§ **TASK PROMPT**:
In the entries that follow, find the line containing "DAZN und MagentaTV" and the line containing "Captain Zipline", then copy exactly everything from the first through the second except the pictures.

§ **SUPPLIED DATA**:
--------------------

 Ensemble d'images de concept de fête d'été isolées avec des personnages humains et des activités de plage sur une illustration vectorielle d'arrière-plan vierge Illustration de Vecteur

--------------------

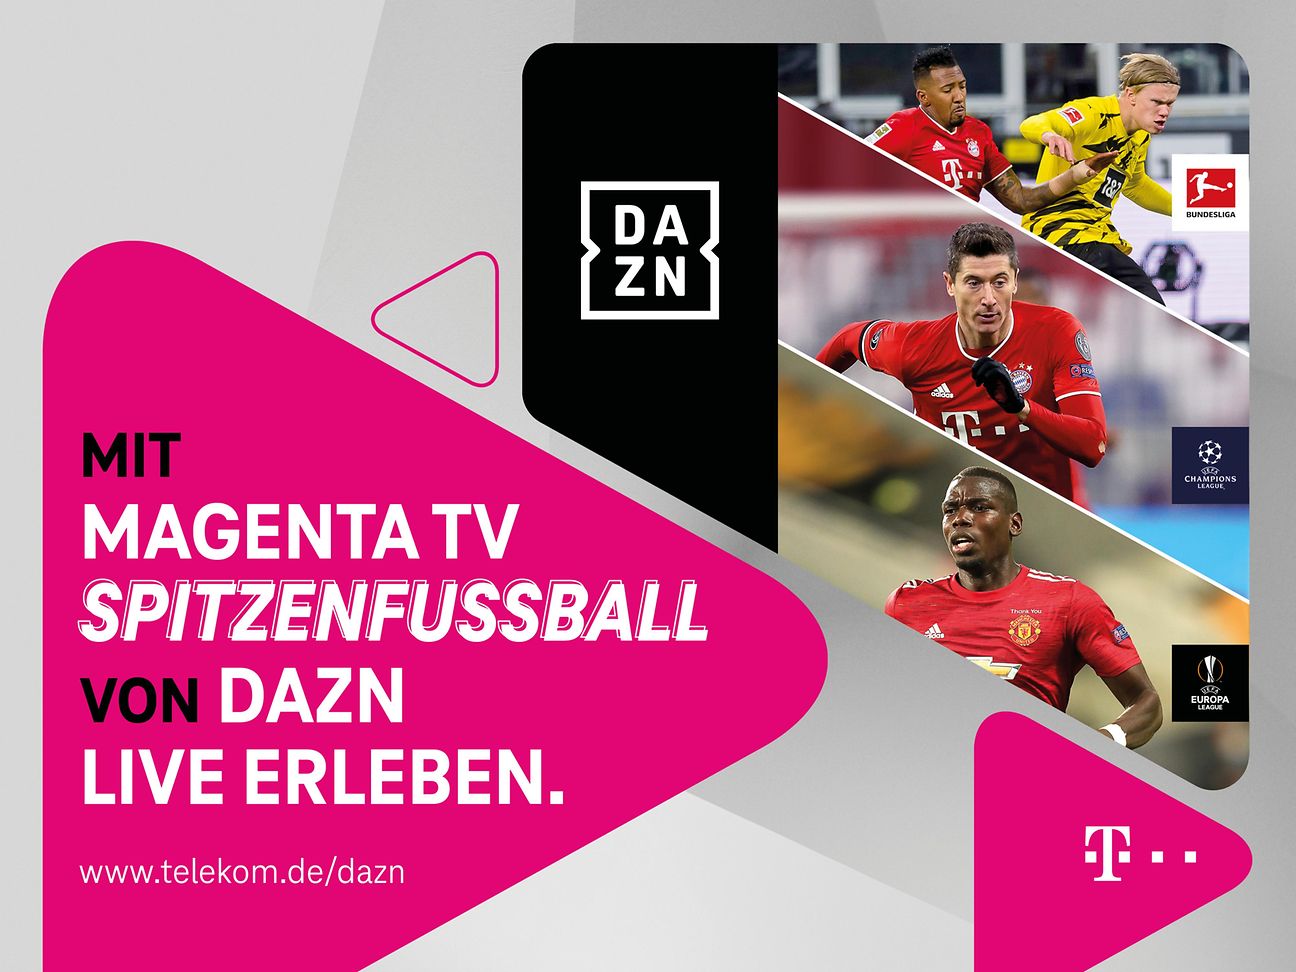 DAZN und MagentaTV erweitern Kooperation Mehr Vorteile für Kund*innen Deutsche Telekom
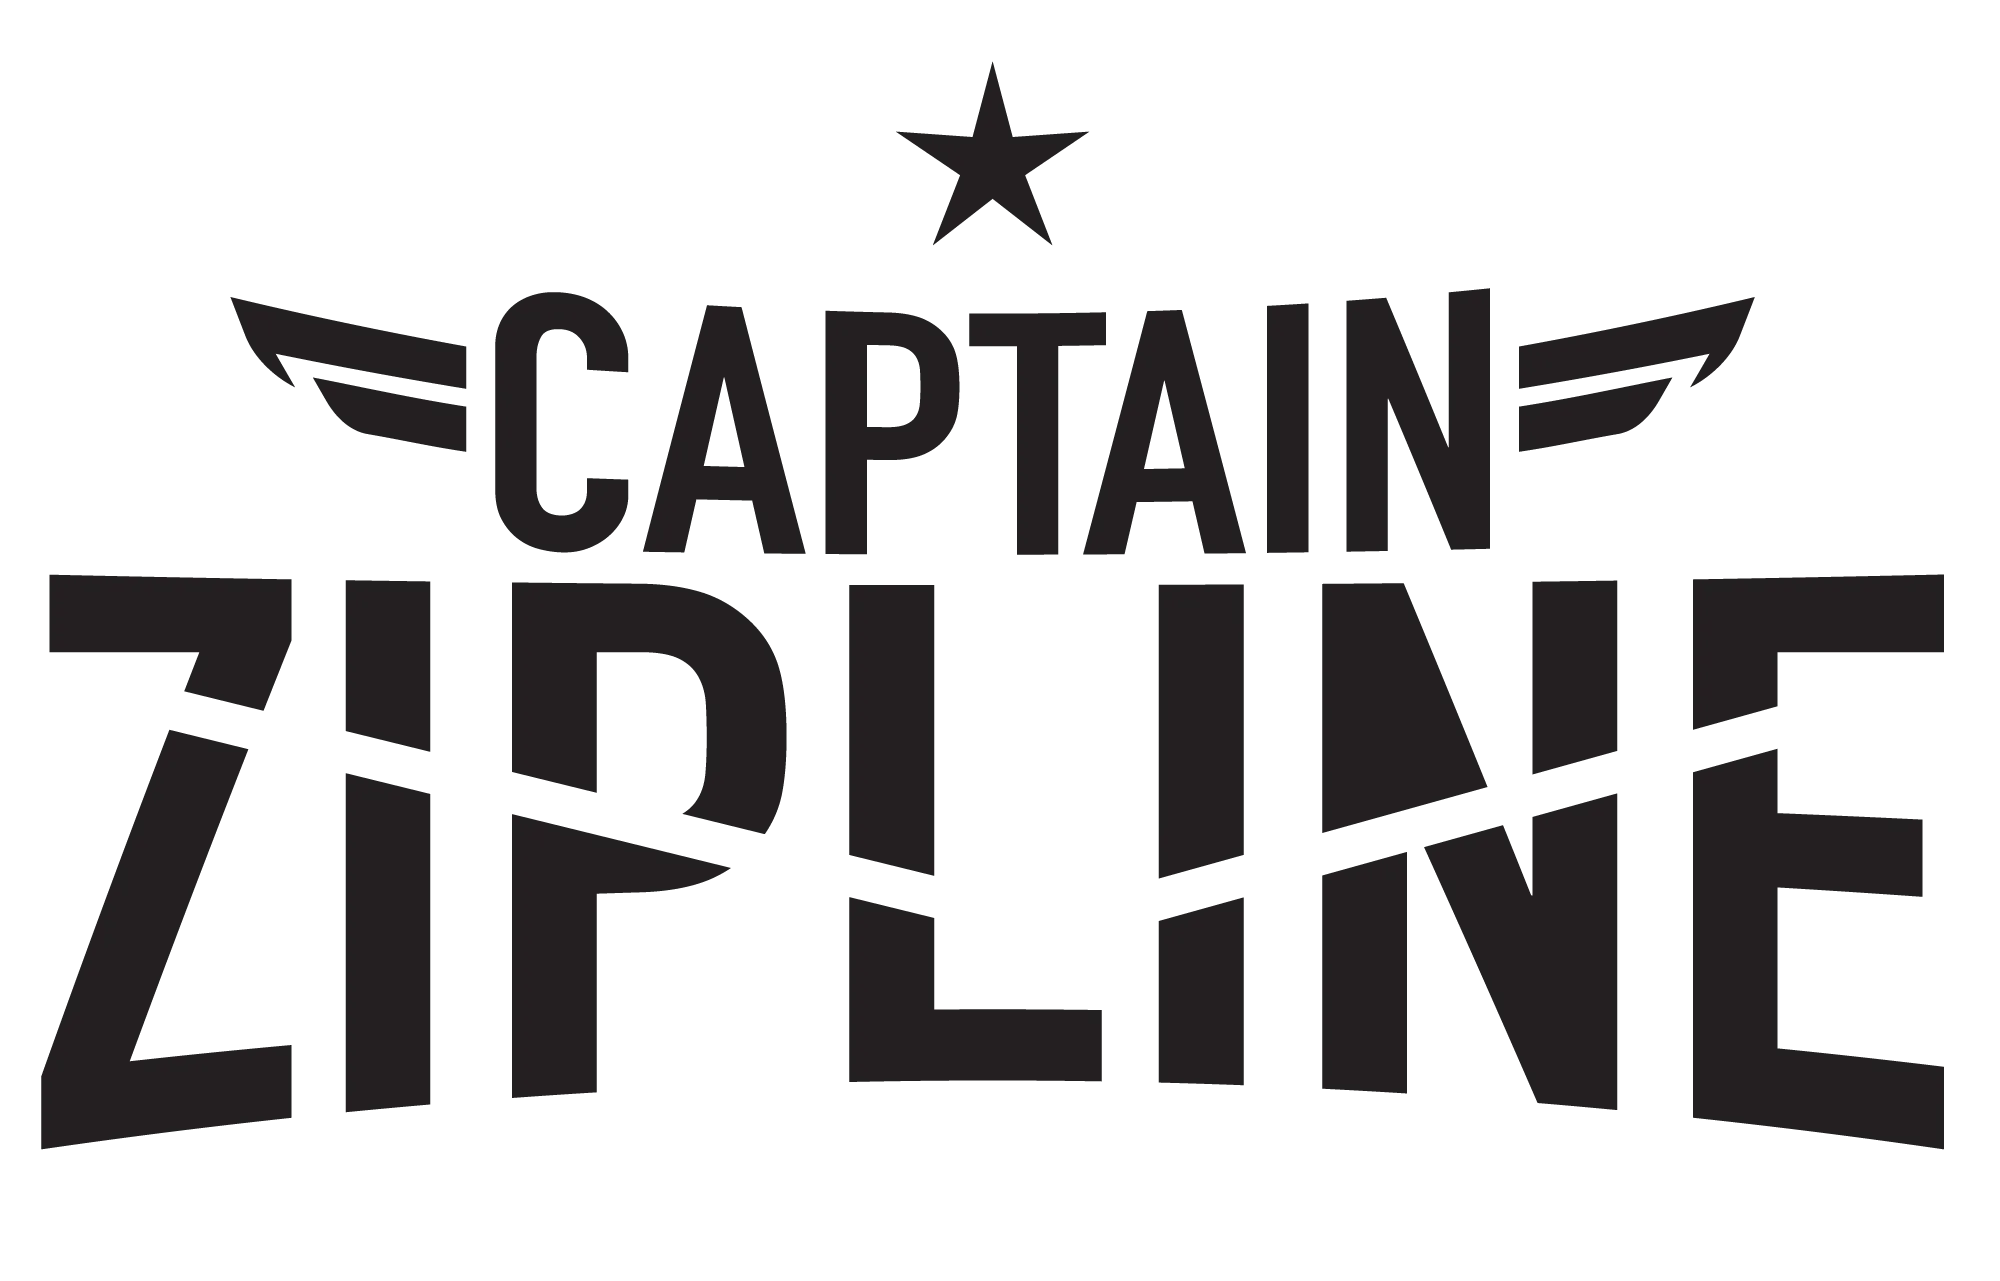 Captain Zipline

--------------------

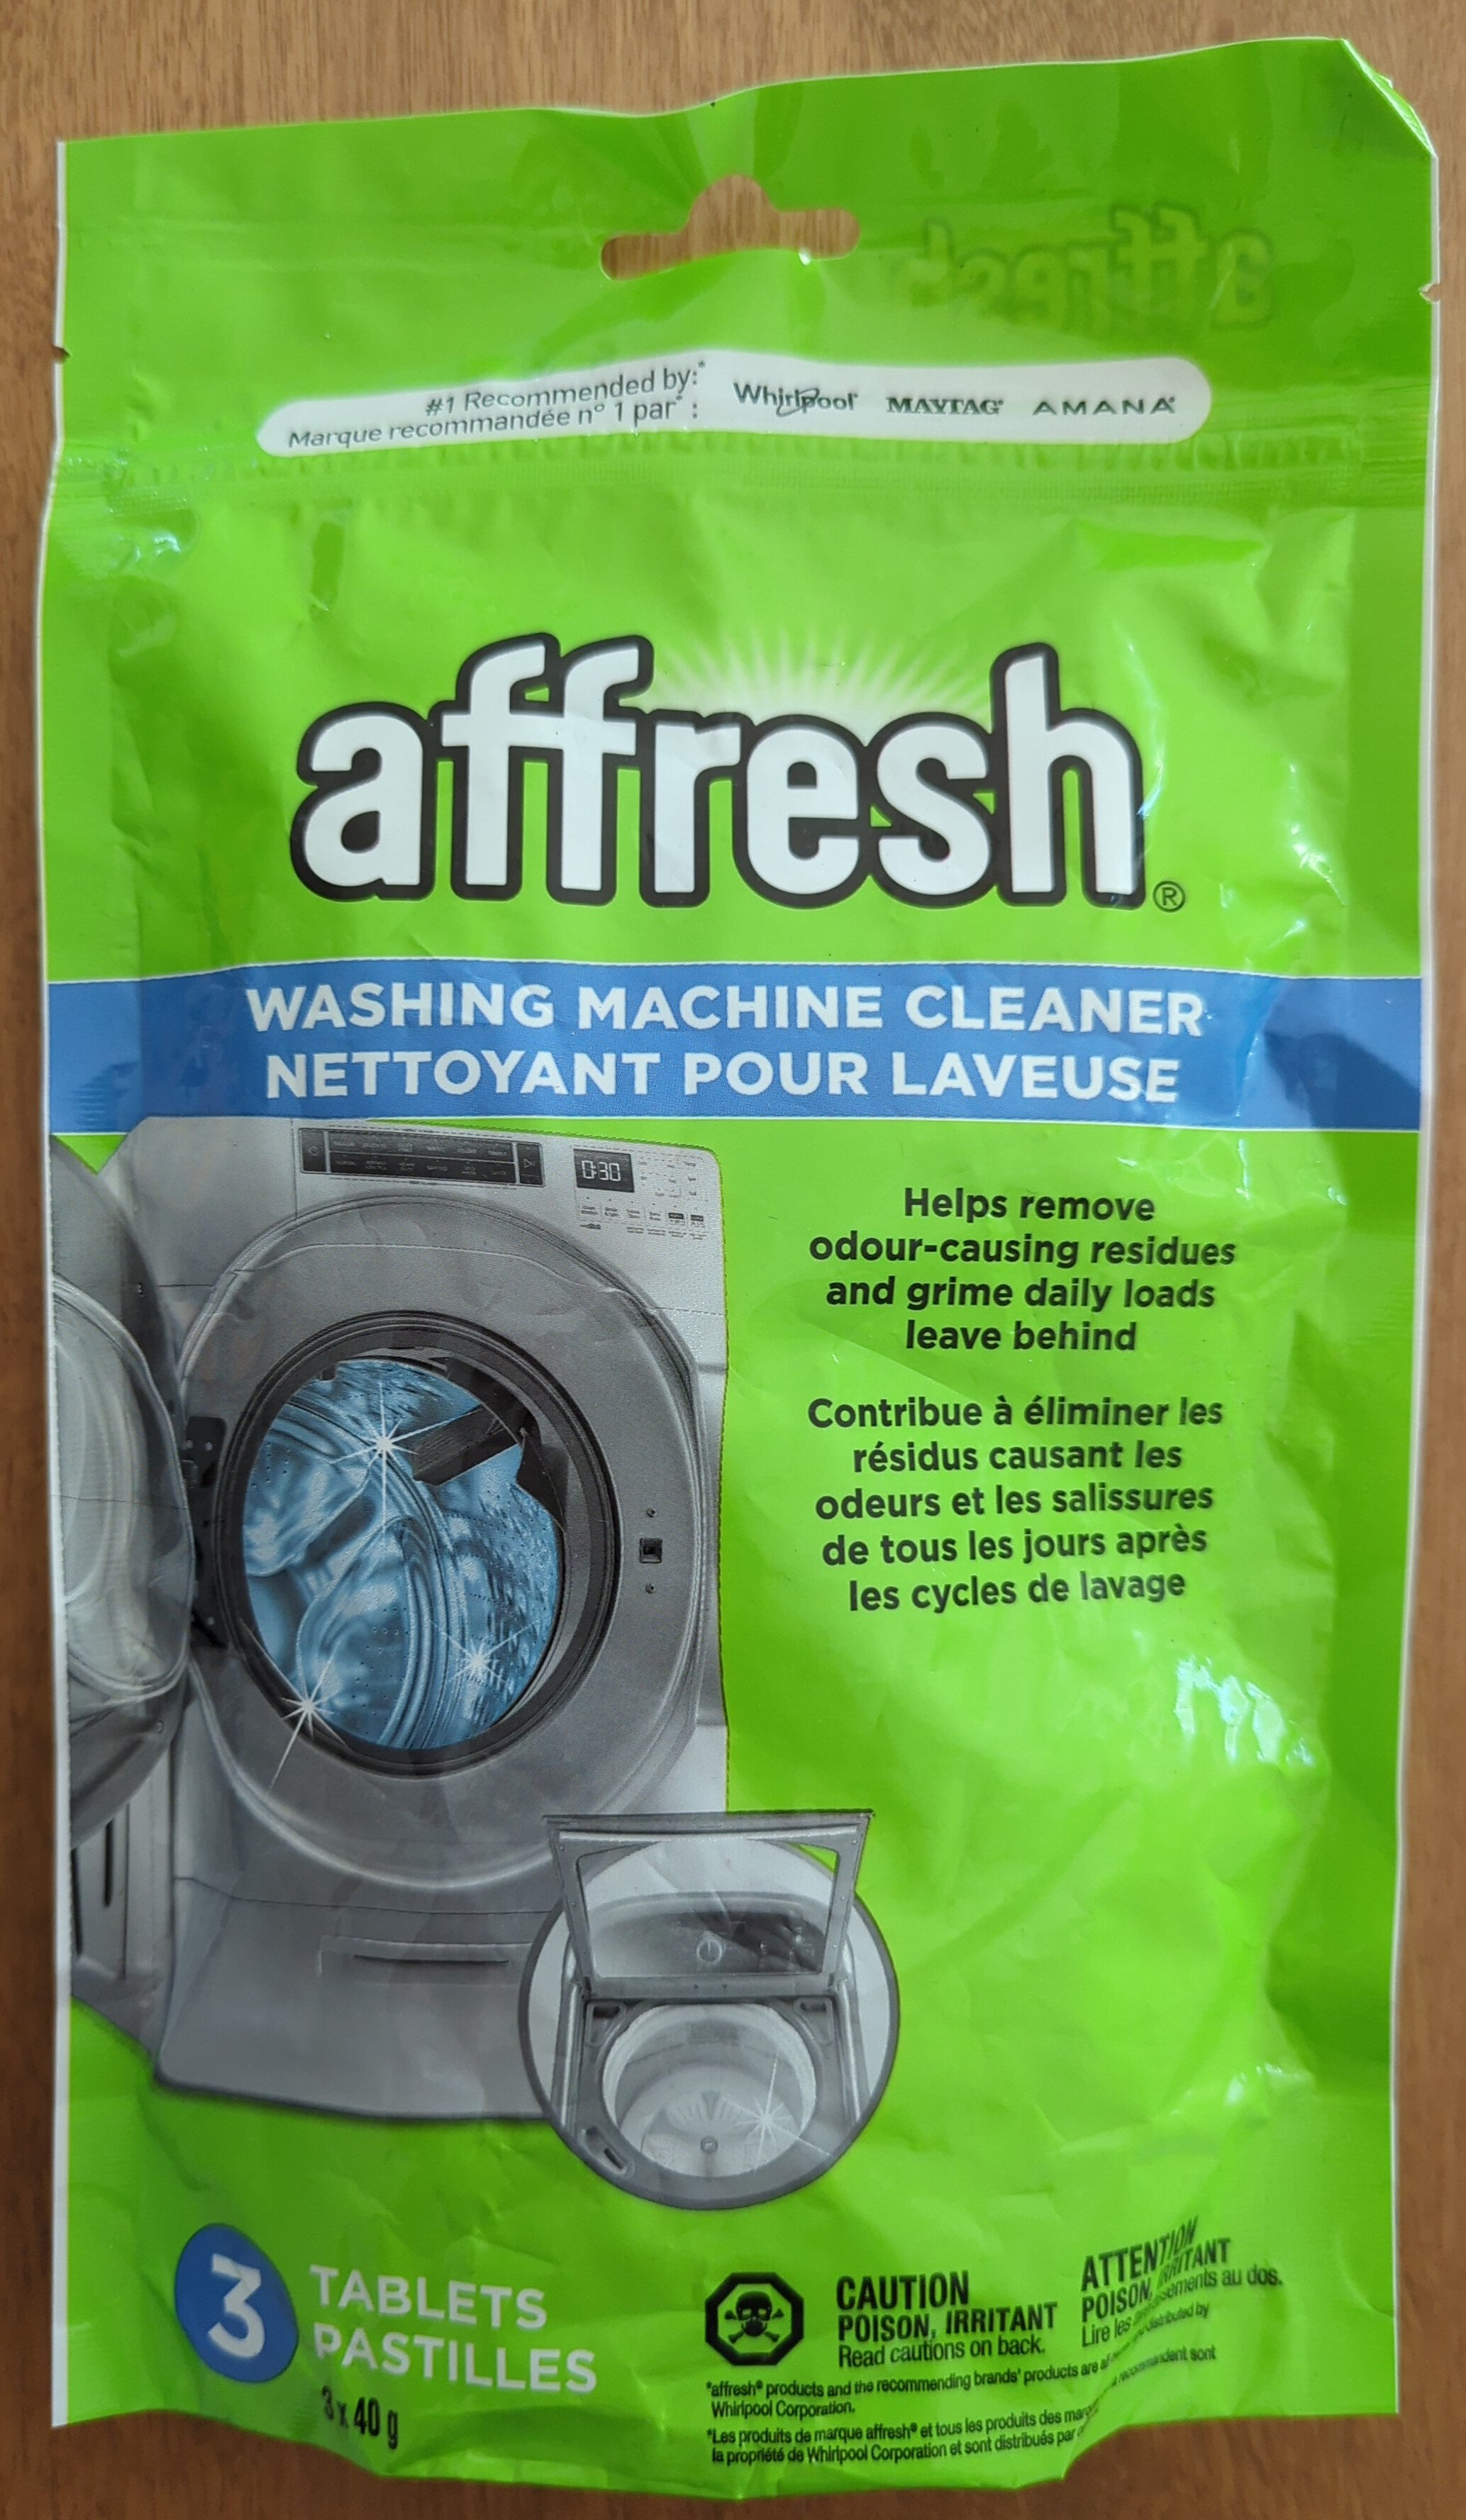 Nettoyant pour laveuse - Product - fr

--------------------

§ **SOLUTION FOR THIS PROBLEM**:
 DAZN und MagentaTV erweitern Kooperation Mehr Vorteile für Kund*innen Deutsche Telekom
 Captain Zipline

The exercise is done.